Properly rectifying any cybersecurity issue requires a great deal of time and expertise, both of which cost time and money. When organizations don’t understand the risks inherent to their cybersecurity operations, they fail to appreciate the need to allocate a budget or define organizational goals for a problem that they cannot see, or that hasn’t happened yet.

Initially, a starting point for any security or risk program is to conduct a baseline assessment. This will tell you where you’re most vulnerable, where the most significant threats are, and where to deploy money and full-time employees for maximum security return. To make impactful decisions with that data, it is essential that you quantify and measure your organization’s risk and understand your overall security posture better.

Indeed, trade-off costs do exist when you don’t conduct a security risk assessment. If the upfront work for a proper assessment isn’t done, unsolved problems within your environment will compound during a significant breach event. In turn, it could possibly cost you more money and resources after the damage is done.

2. Culture

Lack of cybersecurity awareness and culture can hinder forward movement

In any organization, it is very likely that most individuals will have some idea as to what other departments do. However, the IT and security departments are usually forgotten. In fact, most organizations lack a cybersecurity culture entirely. This lack of cybersecurity culture can make it difficult to instill a culture of risk assessment.

Without a culture, warming up your stakeholders to a risk assessment can be challenging. However, you could begin with a focused approach by starting small and looking at your most critical units/areas first. This is typically where most of your sensitive data is stored. Then, use these initial findings to provide feedback to stakeholders and broaden scope and depth over time. By taking baby steps, you can ultimately help shift your organization’s focus and bring a culture of risk assessment to the forefront.

3. Selecting Tools

The right tools for your organization can make the difference

Security teams must select tools that not only get the job done but also do it efficiently and scale with their needs. For example, during a risk assessment, multiple departments will need to be surveyed on their processes and operations. Stakeholders may need to fill out questionnaires or complete assessments. Being able to pull forward responses from previous assessments so that departments are not answering the same questions over and over can save time and resources.

As new departments are added to the scope and old one are take away, a scalable tool can prove to be beneficial to security teams. Automation tools can also make the task of extracting and analyzing large amounts of information from across a distributed organization less daunting and achievable.

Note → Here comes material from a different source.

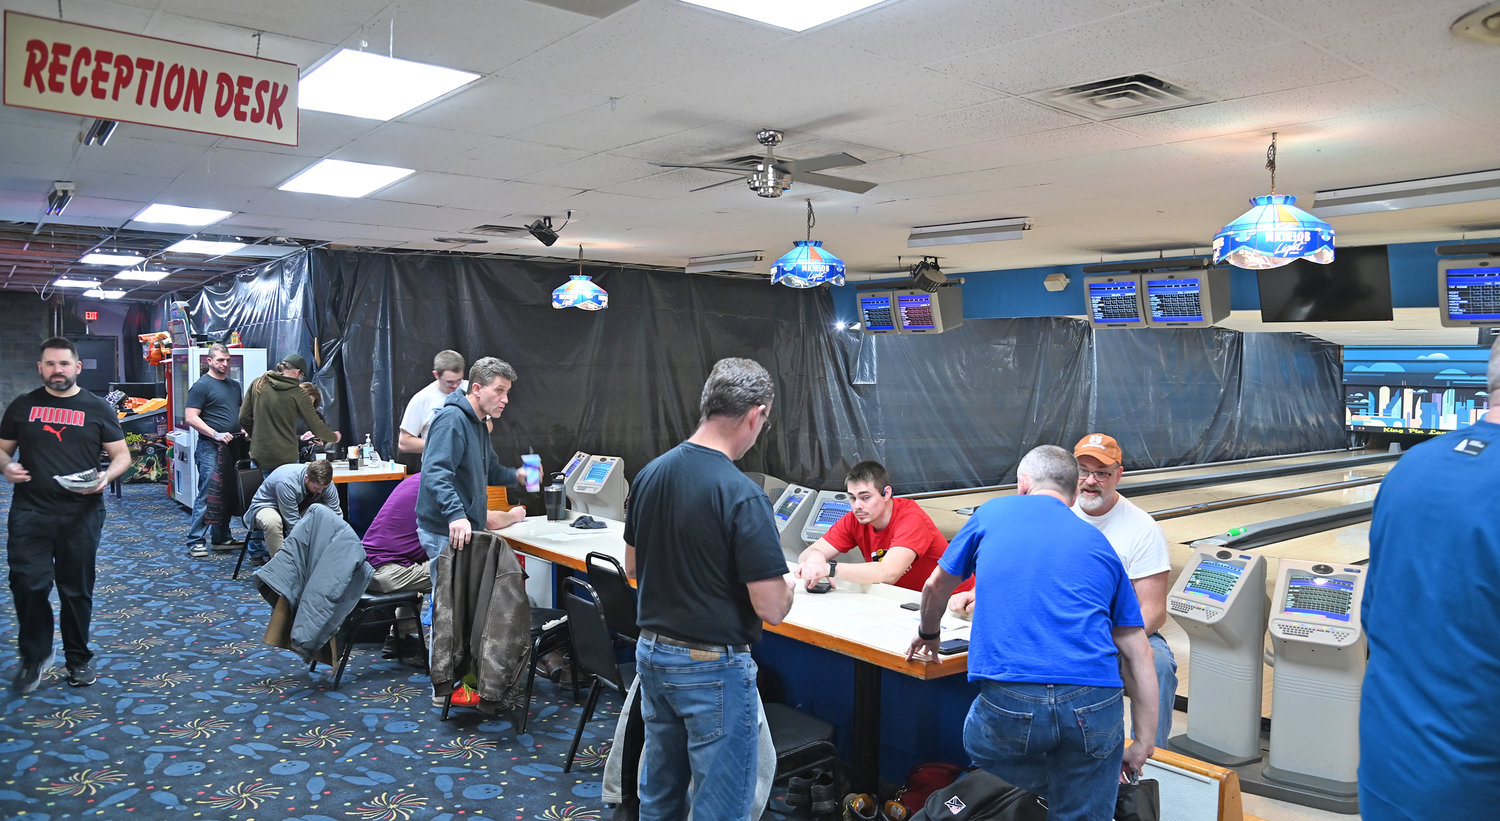 At King Pin Lanes on East Dominick Street in Rome, plastic is put up around the old lanes that are being turned into an arcade and games area. Craig Vogel, the owner, said that the new arcade area will open in the spring.

4. Scope/Setting Objectives

Determining the priorities of a risk assessment can be stressful

Where do you start? It can be difficult to determine the overall goals and scope of an assessment when faced with large and complex environments. Therefore, security teams need to start with a focused approach; target the highest risk units and assets of an organization while using more limited question sets as they build out their assessments. As a result, this lean approach allows security teams to accomplish their goals faster and focus on the higher risk areas of their environment that demand the most attention.

5. Reporting

What’s the best way to present and analyze risk to everyone?

All of the observations and finding during an assessment will need to be distilled into a report that will be shown to management. Reporting not only helps make decisions but also acts as a hinge between security teams and stakeholders. Hence, being able to communicate through this report effectively plays a huge factor in the resources that are allocated to your department in the future. Reports need to be accurate and comprehensive. At the same time, they need do so in a language that non-security personnel can understand. Reporting must also be influential. It should tell a story by tying the conclusions of the assessment to the bottom line. At a minimum, basic reports should allow you to quickly identify areas for focus across your organization as well as potential outlier units/departments that require further follow up and attention.


Taking action, no matter how small, to build a culture around risk assessment is better than doing nothing at all. Even if you’re only assessing two to three units with a handful of questions, this is a much better alternative than not doing anything at all. By planting this seed, you begin the process of getting your organization involved in the habit of participating in risk assessments. At the same, you’re continuously delivering valuable insight to key stakeholders. Ultimately, using automation software as your risk assessment efforts scale can allow you to maximize the time and attention of your full-time employees as well as your budget.